Oh how I agonized over trying to meet them on friendly terms. After a lot of self-soothing and inspirational motivational talk, I went back to the pool to see if they were still there. I felt it was imperative, imperative, a fulcrum upon which I must be turned, a critical moment required to proceed in life. I still do not know the why of it all, when all it got me was confusion and pain.
I discovered they were brothers, in town to visit family who lived in our condo complex. But the one I thought was cute - and maybe he looked a little like Simon Le Bon, I don’t have his face in full memory - rebuffed me and foisted me to his brother.
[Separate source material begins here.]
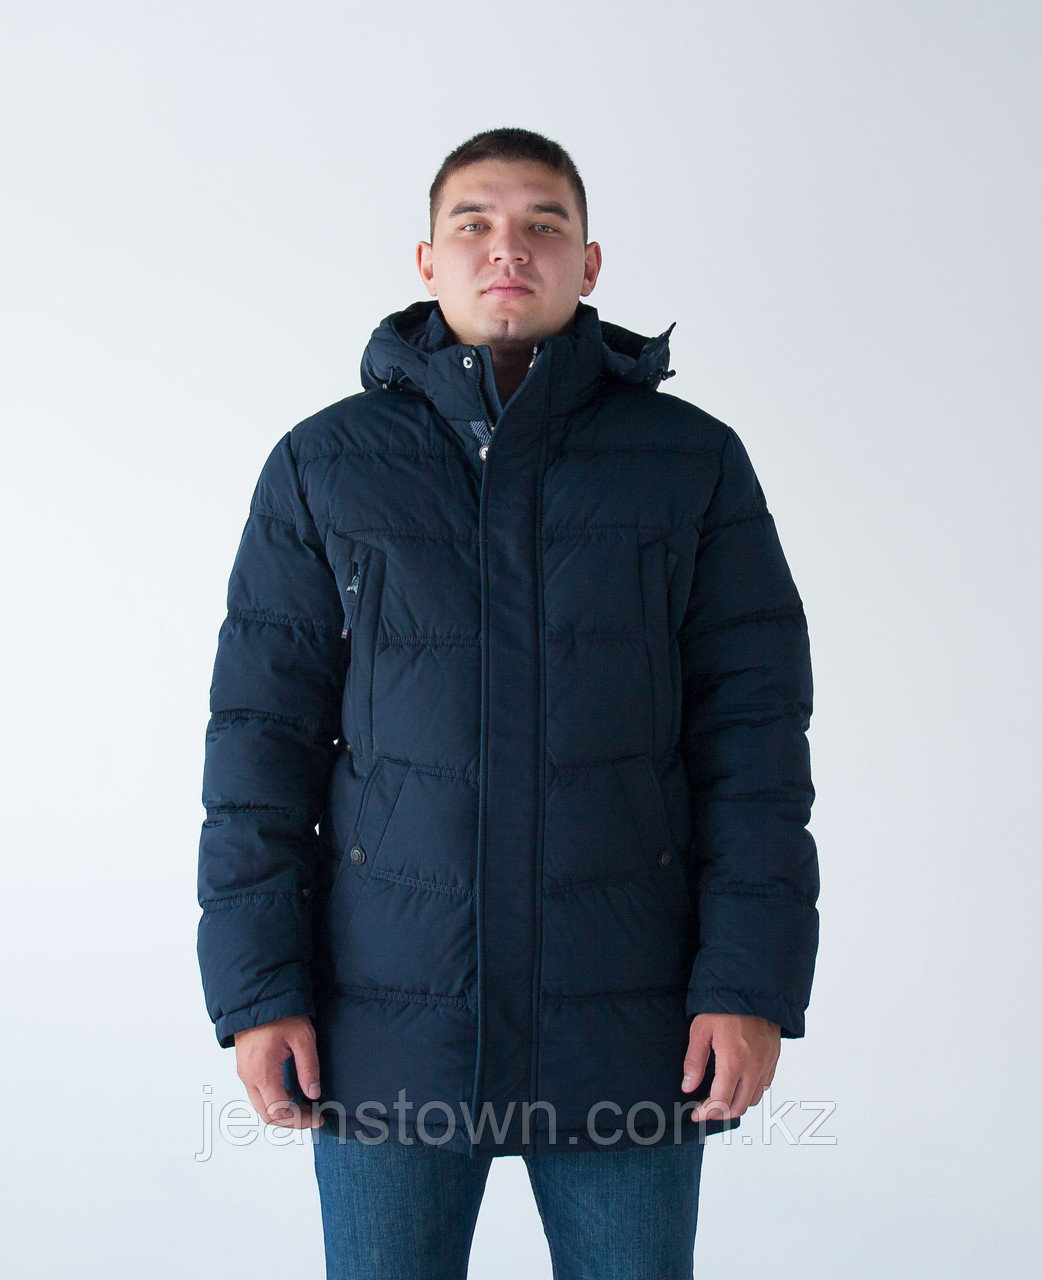 Длинная  зимняя мужская куртка  KINGS WIND   синяя
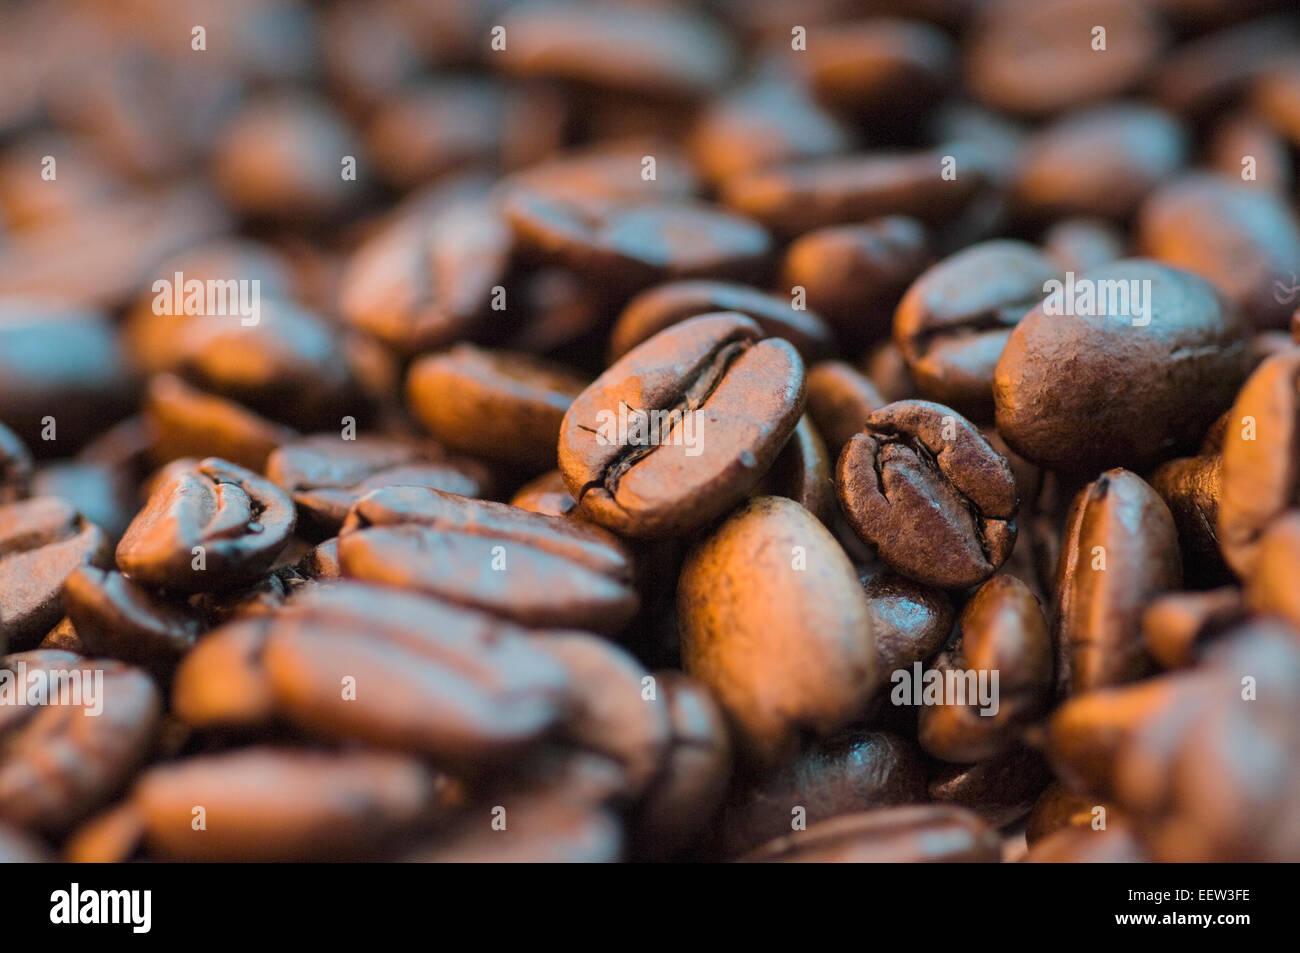 espresso bohnen stockfoto bild 77998242 alamy. Black Bedroom Furniture Sets. Home Design Ideas

I suppose I wasn’t cute enough for him. But I got on well enough with his brother, as friends, and we determined to write each other. In truth I didn’t expect to hear from him.
But letters came frequently and I wrote back frequently, in an age before computers claimed our communication protocols entirely. I wrote of mundane things. The novel I was working on. My hopes for my academic future, which was rapidly approaching as the summer ripened through that July and into August. I never felt that anything we said was flirty, or even hinted at that angle of interpreting the relationship.
He felt differently and I found out the hard way when he came back to visit his family again.
So I meant to bring this whole thing to surface, mold it into the desired shape as if it were clay, and turn it from something of terror into a source of heat and light, healing the wounded J-ling. I think I can do it. But first I needed to write this out, open the way, lift my lamp at the darkened portal.
I can cleanse my past self of shame, of pain, of hiding. I can hope. I can heal.
And so can we all. May it ever be so, my loves. I send all of you my affection, my support, my unending care. We can make it through this, together.